List of snakes in whose diet birds appear:

  • Boa constrictor Red-tailed Boa(40%)
  • Bogertophis subocularis / Trans – Pecos Rat Snake / Durango Rat Snake (17%)
  • Boiga cyanea (86%)
  • Boiga dendrophila Gold-ringed Cat Snake / Mangrove Snake (25%)
  • Broghammerus reticulatus Reticulated Python / Regal Python / Java Rock Python (9%)
  • Corallus hortulanus / Amazon tree boa / Common tree boa / Garden tree boa (38%)
  • Elaphe quatuorlineata / Ratsnake (28%)
  • Lampropeltis getula (12%)
  • Lampropeltis triangulum / Milk Snake (16-26%)
  • Lampropeltis zonata (12%)
  • Lamprophis fuliginosus / Brown House Snake, African House Snake  (10%)
  • Morelia spilota / Diamond Python
    and others: (m.in. Morelia spilota mcdowelli - 64%, Morelia spilota spilota - 9%, Morelia spilota variegata - 9-25%)
  • Pantherophis guttatus / Corn Snake / Red Rat Snake(22%)
  • Pantherophis obsoletus (20-53%)
  • Pituophis catenifer (15-18%)
  • Pituophis melanoleucus (21%)
  • Python molurus bivittatus / Burmese Python (28%)

Additionally, among snakes that may also consume birds as part of their diet, the following are listed:

  • Aspidites melanocephalus / Black-headed Python
  • Aspidites ramsayi / Ramsay's Python / Woma Python
  • Charina bottae / Rubber Boa
  • Epicrates cenchria / Rainbow boa
  • Eryx colubrinus
  • Eryx jaculus / Spotted Sand Boa / Javelin Sand Boa / Caucasian Sand Boa
  • Heterodon nasicus / Western hognose snake
  • Lampropeltis alterna
  • Lamprophis lineatus
  • Liasis children
  • Liasis maculosus
  • Natrix natrix
  • Pantherophis emoryi / Great Plains ratsnake
  • Pantherophis spiloides / Gray ratsnake
  • Python brongersmai / Brongersma's Short-Tailed Python / Blood Python, Red Short-Tailed Python
  • Python regius / Royal Python
  • Python sebae / African rock python / Rock python / African python
  • Rhinechis scalaris
  • Thamnophis elegans 
  • Thamnophis radix
  • Thamnophis sauritus
  • The Common Garter Snake
  • Zamenis longissimus
  • Zamenis situla

Tastiness and Ease of Consumption of Feed for Snakes

According to the author of the analysis, data on the tastiness of day-old chicks compared to rodent feed are insufficient to form unequivocal conclusions.
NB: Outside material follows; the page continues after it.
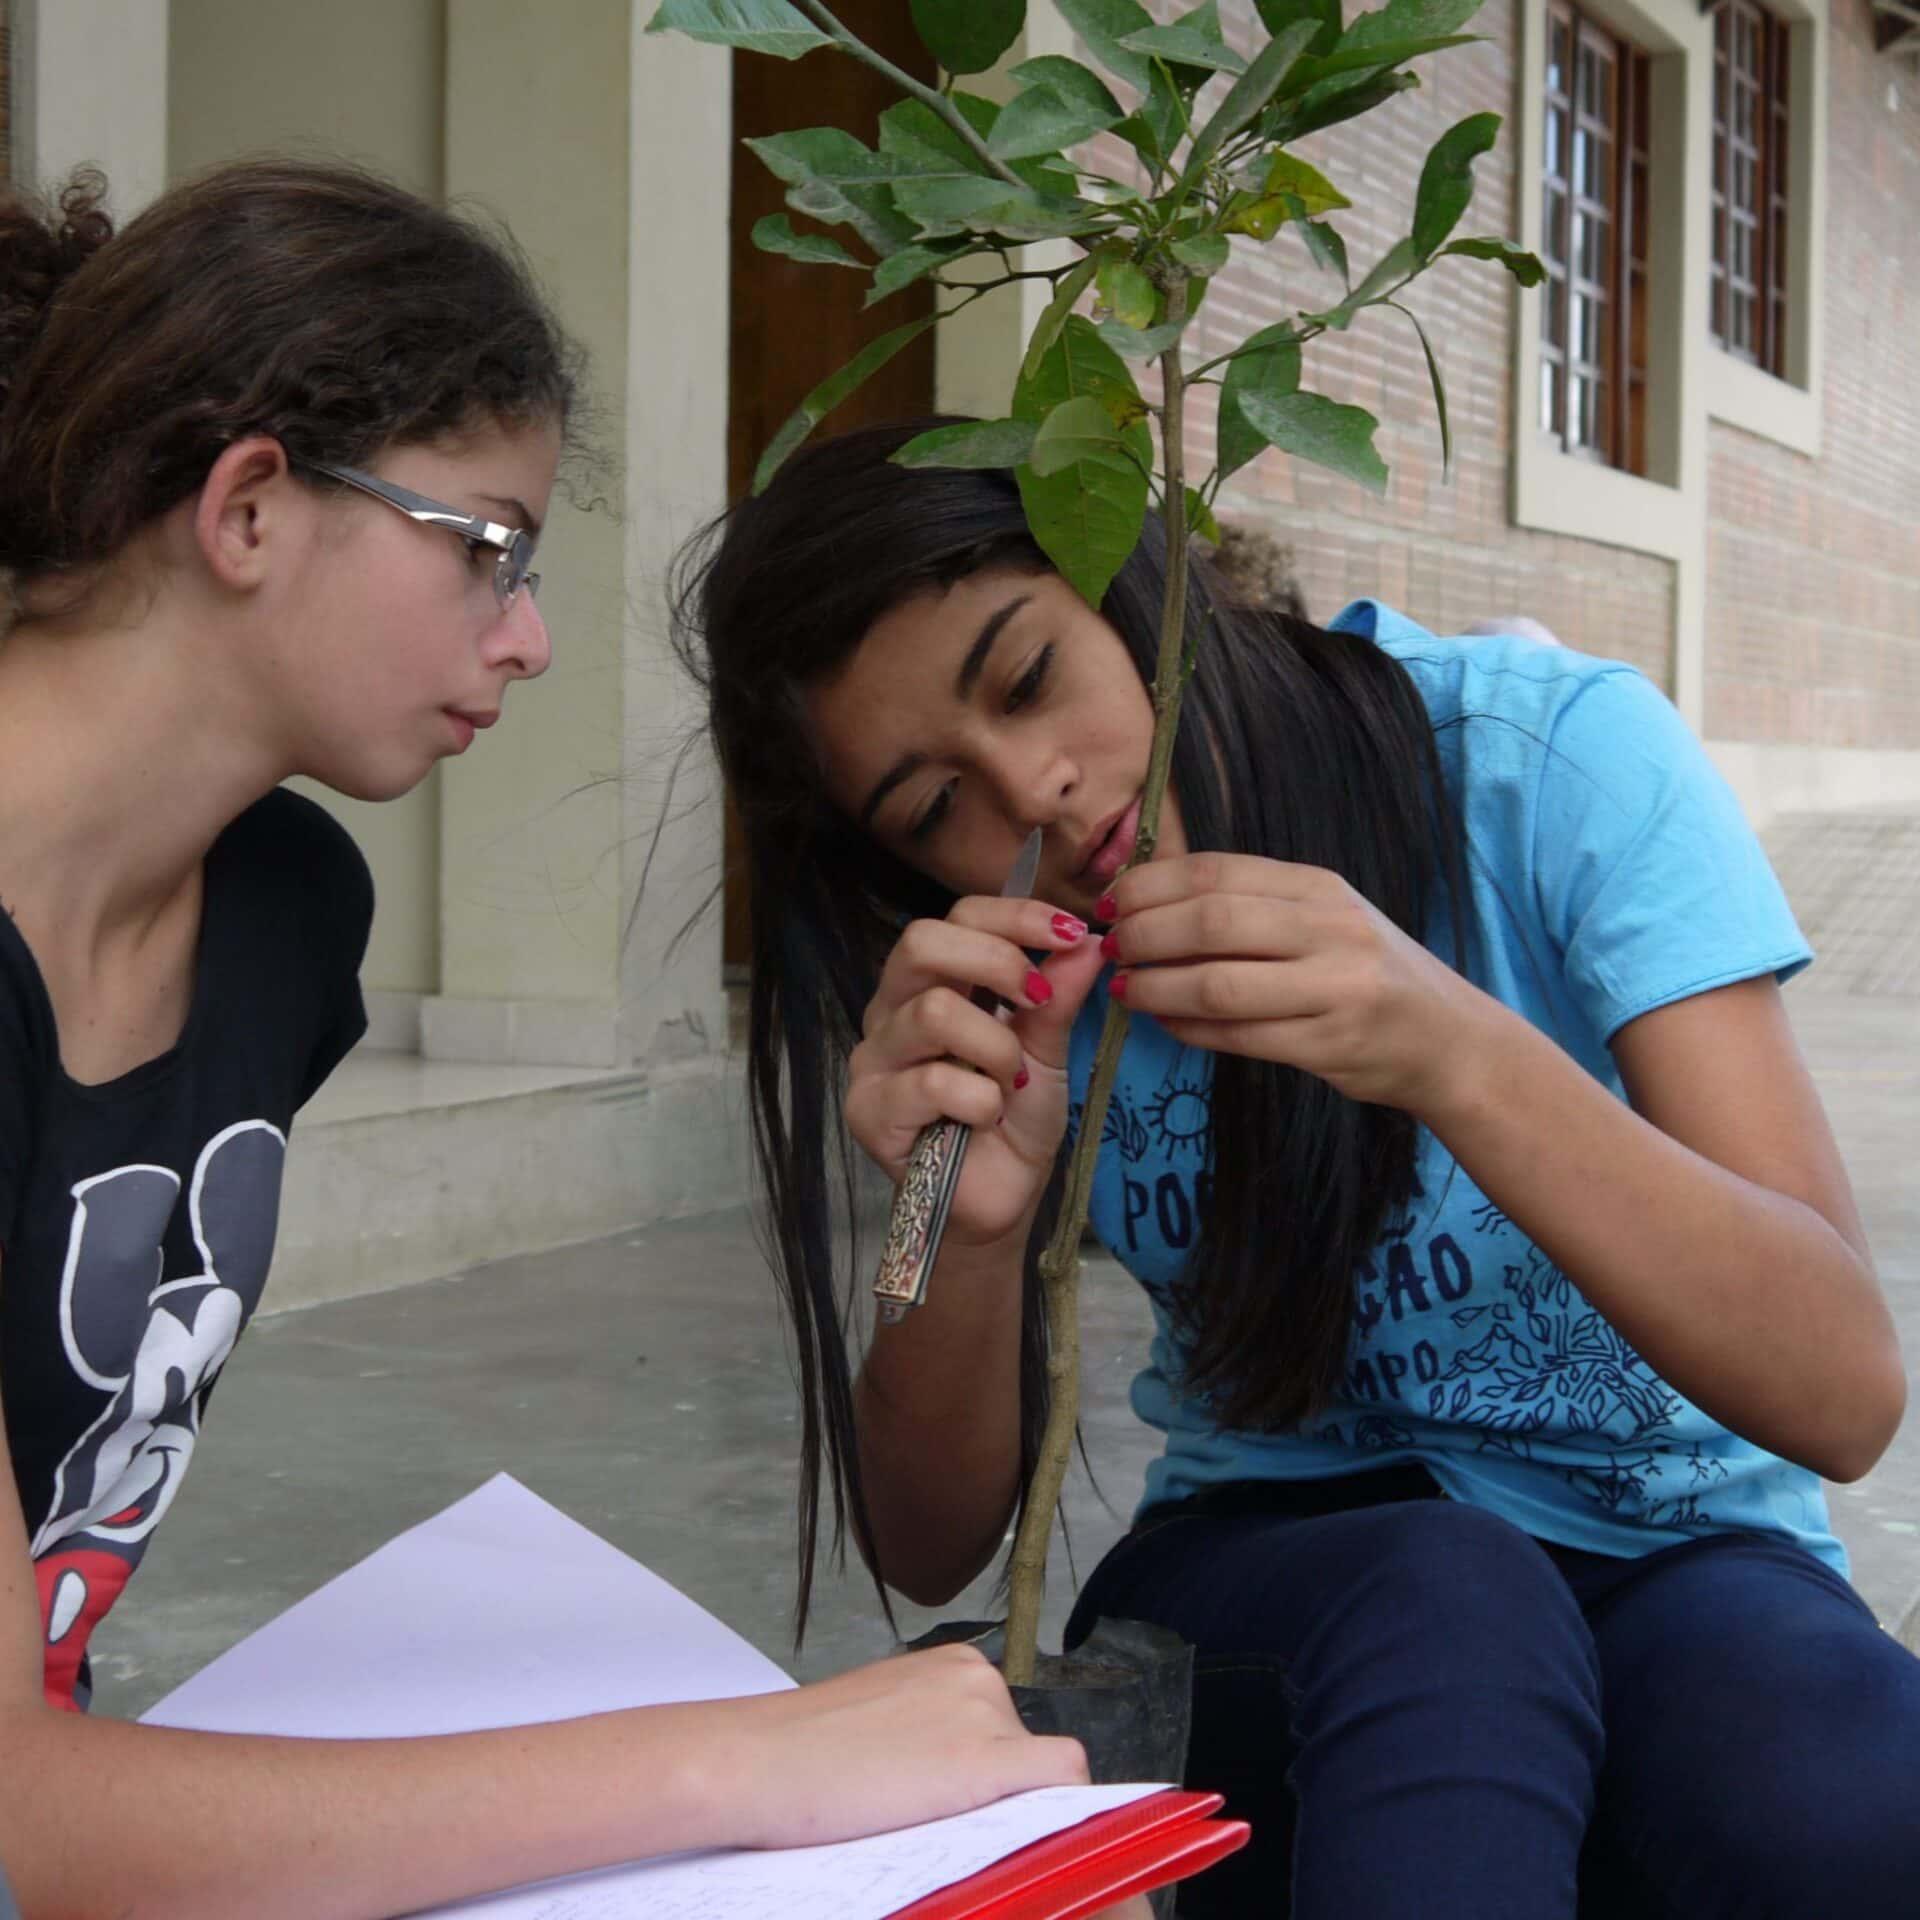 Zwei junge Frauen sitzen nebeneinander

However, the author takes into account the presence of avian prey in most previously studied wild snake diets and many reports of predation on domestic chickens by snakes found living in close proximity to humans. He also does not overlook the experiences of snake breeders.

All this argues for a high acceptance rate of small chickens among snakes. The tastiness of the product as feed for snakes may be particularly high among species that consume the most avian prey: boa constrictor, carpet python / diamond python, and corn snake. It is noteworthy that all four of the mentioned species are at least partially arboreal.

The author concludes that for many snake species, introducing small chickens as food may be easier than in the case of other feed animals. This means that chicks could be the answer in situations where snakes refuse food or help in learning to consume the target diet element by transferring the scent, for example, from a piece of chicken to a mouse, or rat of similar weight in grams.



The article was prepared based on the analysis: Suitability of day-old chicks as food for captive snakes, authored by: K. Arbuckle.